According to Swain, the committee’s treatment of the nominees varied depending on that individual’s disposition toward law enforcement or even political ideology.
“I think with the oversight board, if you followed the council members’ reaction to various candidates they seem to lean toward those who talk about social justice and holding police accountable. They don’t seem as friendly to those with family members with law enforcement. If you’re going to have a presumption of innocence and cared about evidence and bridging gaps – it’s a losing position. I’m hoping they would do the right thing and appoint one or two, preferably two, that were nominated by the FOP because those are people that [the FOP] are confident in,” stated Swain. “I find that with the community oversight board, they seem to only be interested in one community – Nashville is composed of numerous communities. Our tax dollars are financing them: they should be as equally focused on preventing crime as they are about identifying police officers that need to be censured or punished.”

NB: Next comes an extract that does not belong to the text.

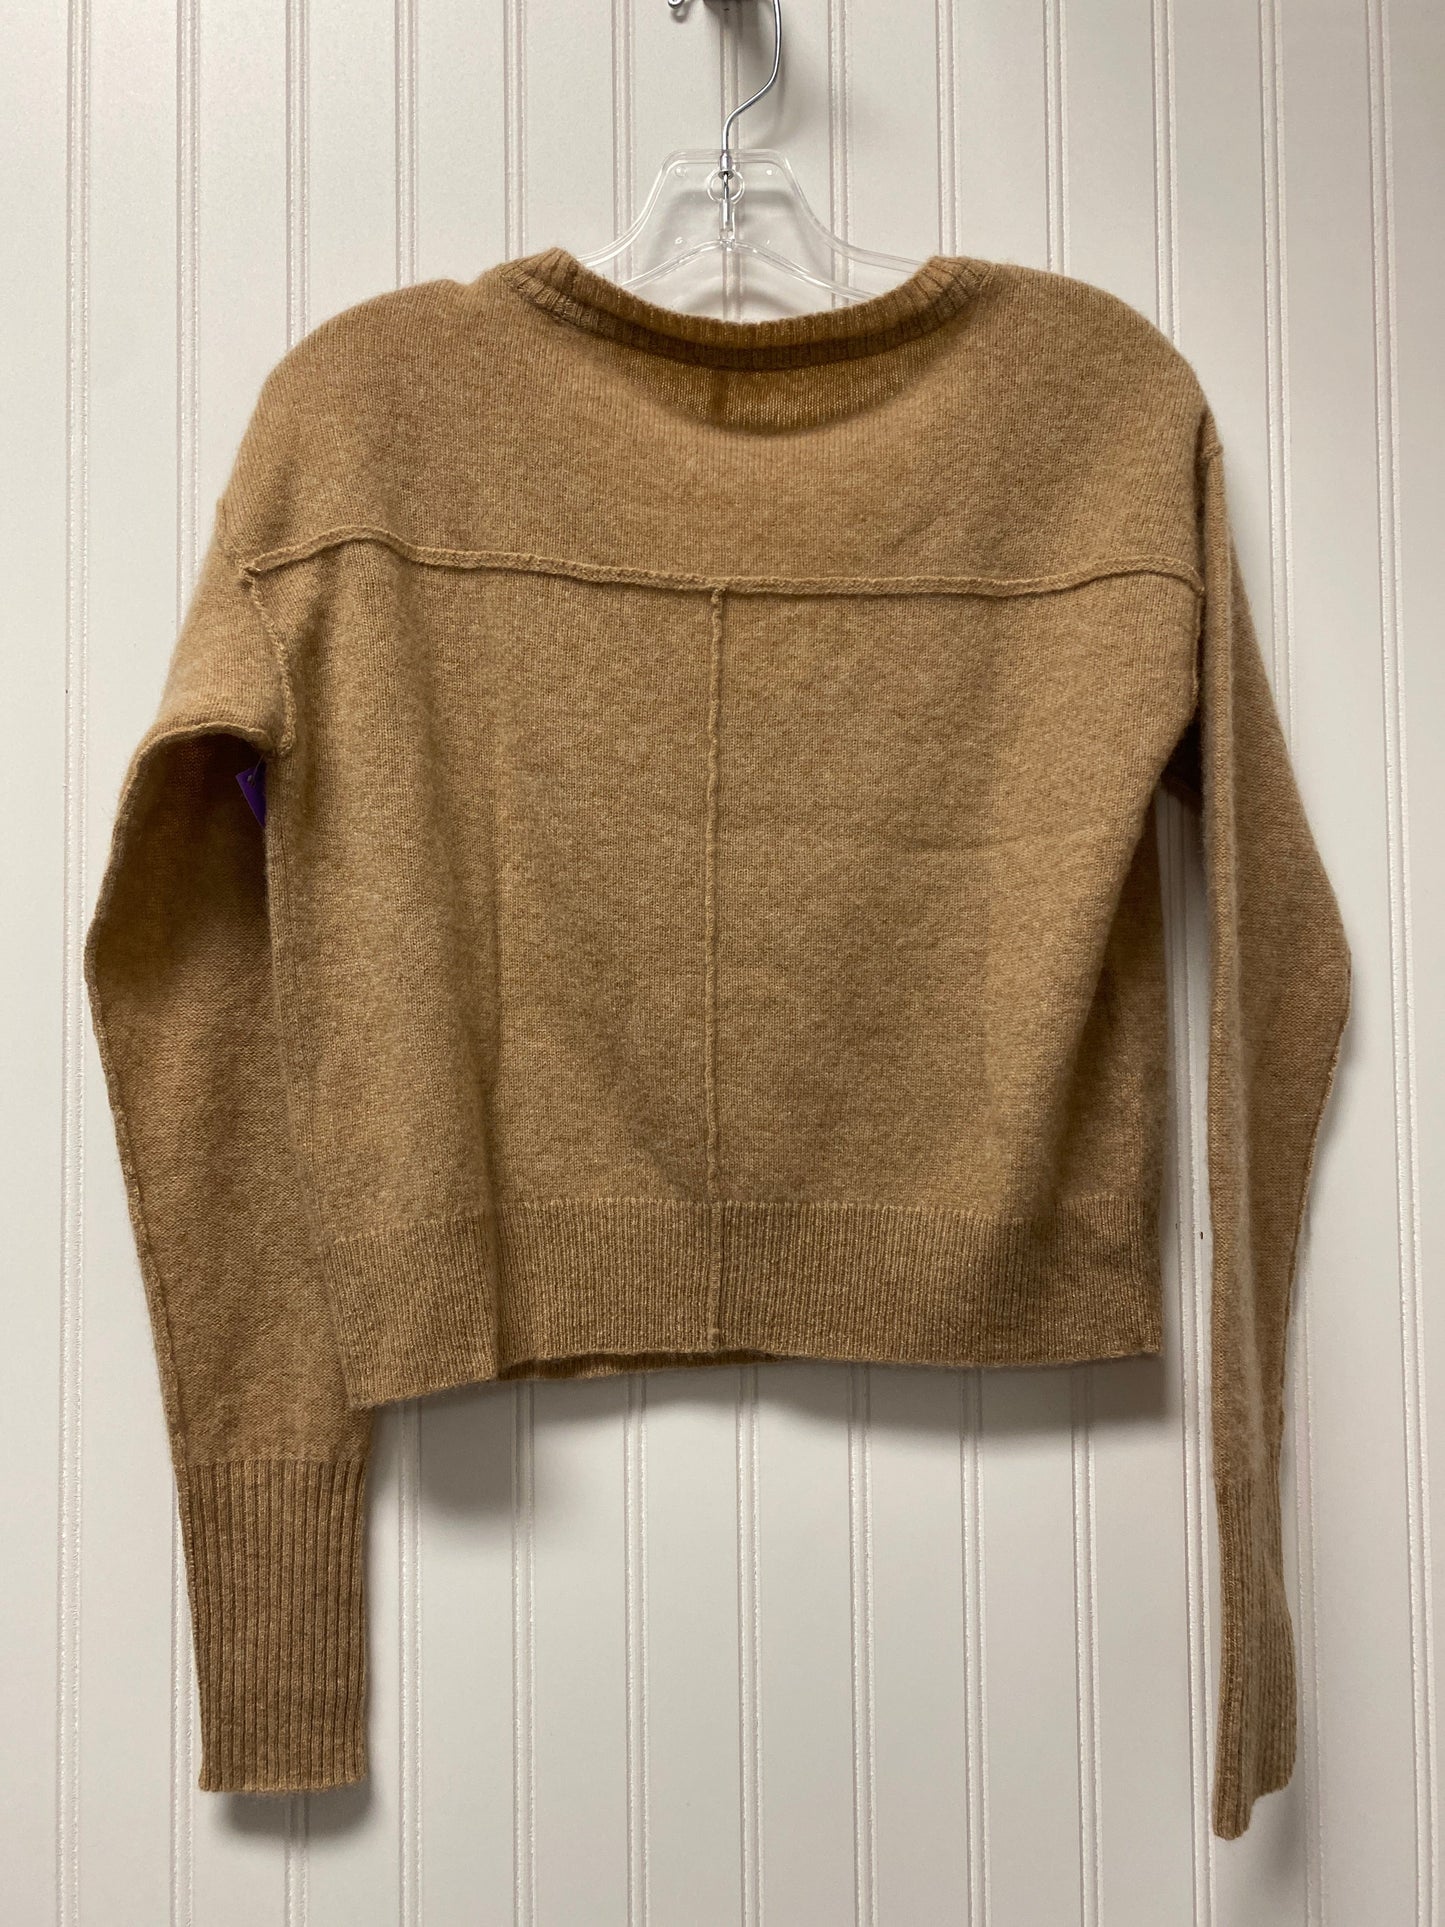 Tan Sweater Cashmere Free People, Size Xs

Swain shared that she’d been nominated to serve the board by the Nashville Fraternal Order of Police (FOP). She speculated that this support, in part, may have risen from the FOP’s disappointment with the mayor’s lack of support for law enforcement throughout his tenure.

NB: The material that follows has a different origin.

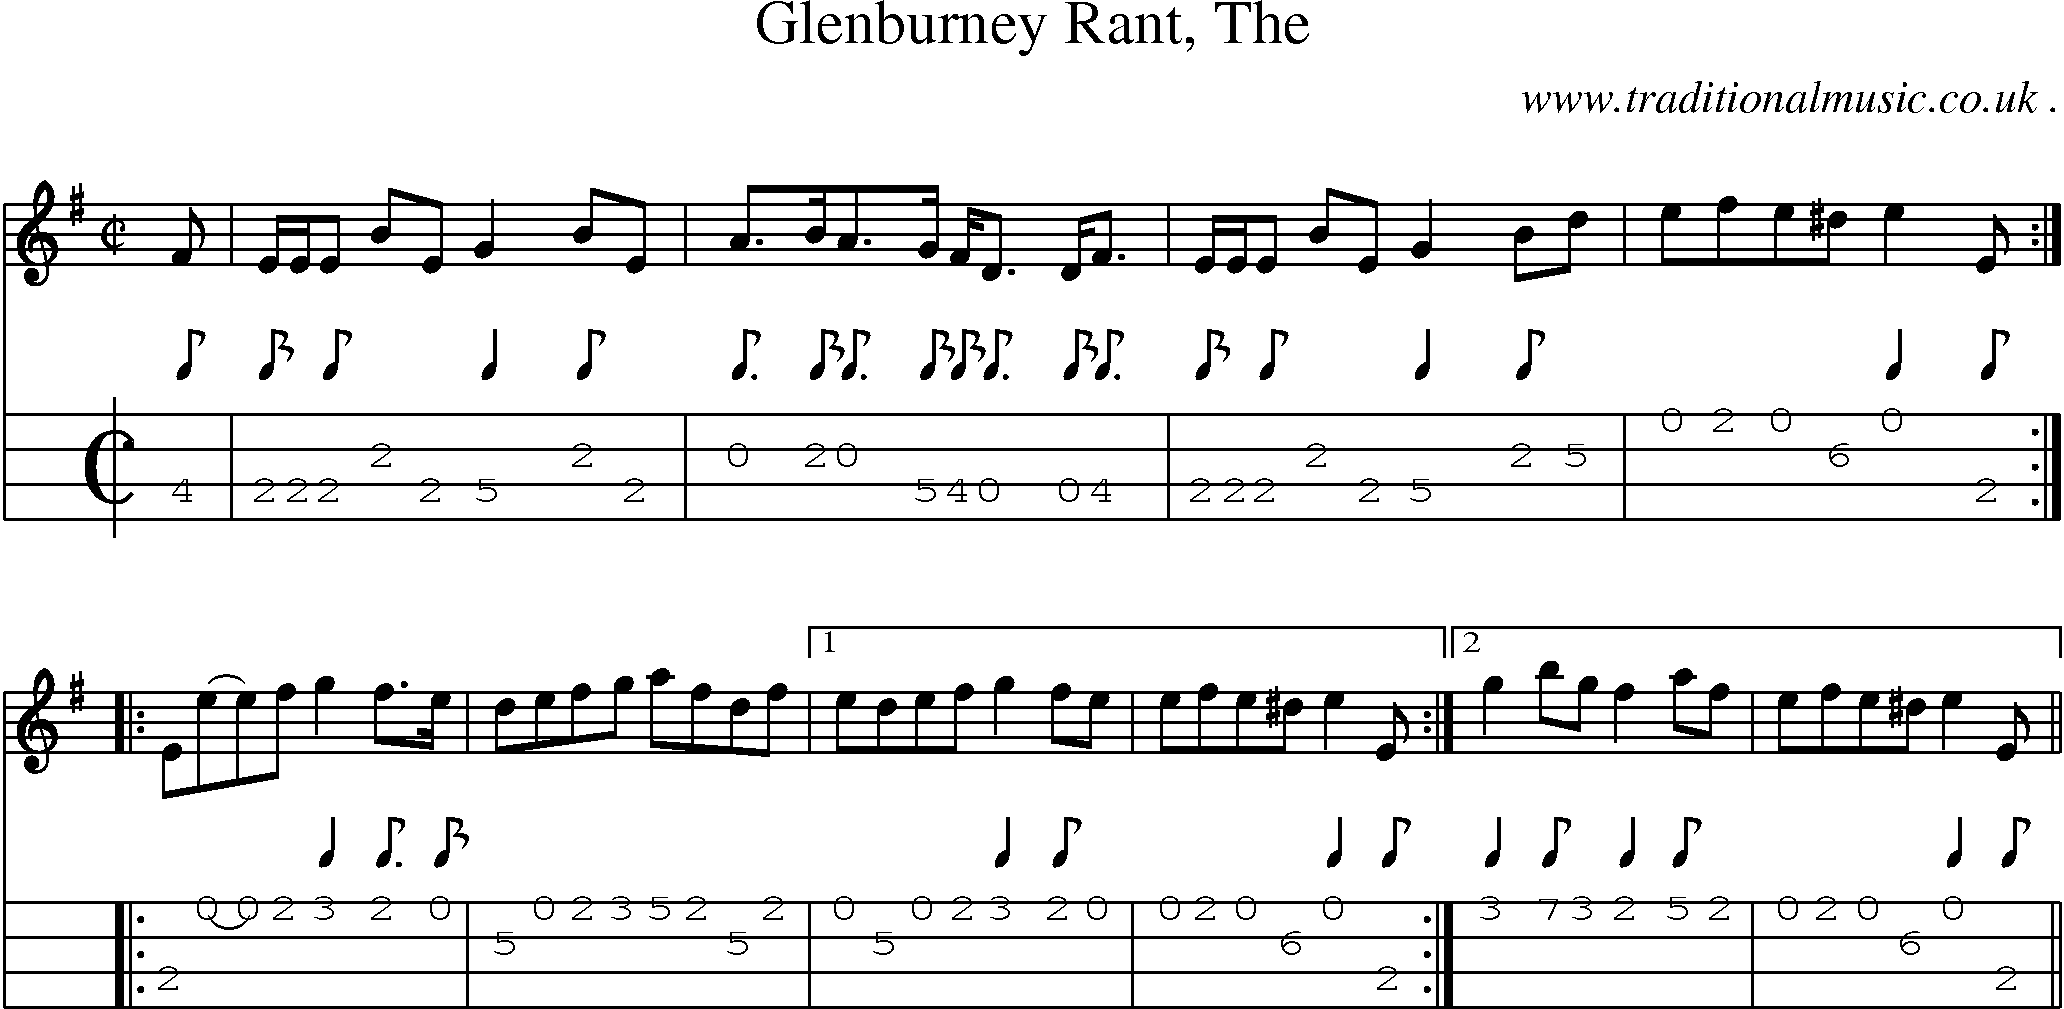 Sheet-music  score, Chords and Mandolin Tabs for Glenburney Rant The

“That had to do with the fact that I cultivated many relationships with law enforcement by going to their roll calls and speaking [there]. I introduced myself and expressed a desire to support law enforcement,” said Swain. “I don’t believe the FOP has been very happy with Cooper, and that may have been a factor in asking me to serve. They know I would certainly be fair to law enforcement.”
When The Star inquired with Swain about her thoughts on the outcome of next weeks’ vote, she expressed a lack of confidence in the committee’s ability to appoint a true diversity of members representing the community. She predicted that the committee would select the nominees that explicitly mentioned social justice explicitly or emphasized the COB’s focus on police.
“They’re not a community oversight board – they should call themselves a police oversight board. They don’t seem to be focused on what they can do as a community oversight board to reduce crime and unpleasant interactions by educating people and working with the police,” she said. “Investigating police stations on how they’re monitoring their own officers – there’s no way that could be taking a lot of time. I imagine they have a lot of free time. They ought to be using their energies in working with the community itself to reduce crime and violence in Black communities.”
According to Swain, she will still be on the ballot for next week’s final vote on Tuesday.
Other members on the ballot are: Edward Baylor, Davette Blalock, Judge Joe Brown, Mary Byrd, Arnold Hayes, Brandy Hayes, Stephanie Kang, Makayla McCree, Sarah Paschal, Joseph Ravenell, Brenda Ross, and Mack Wynn.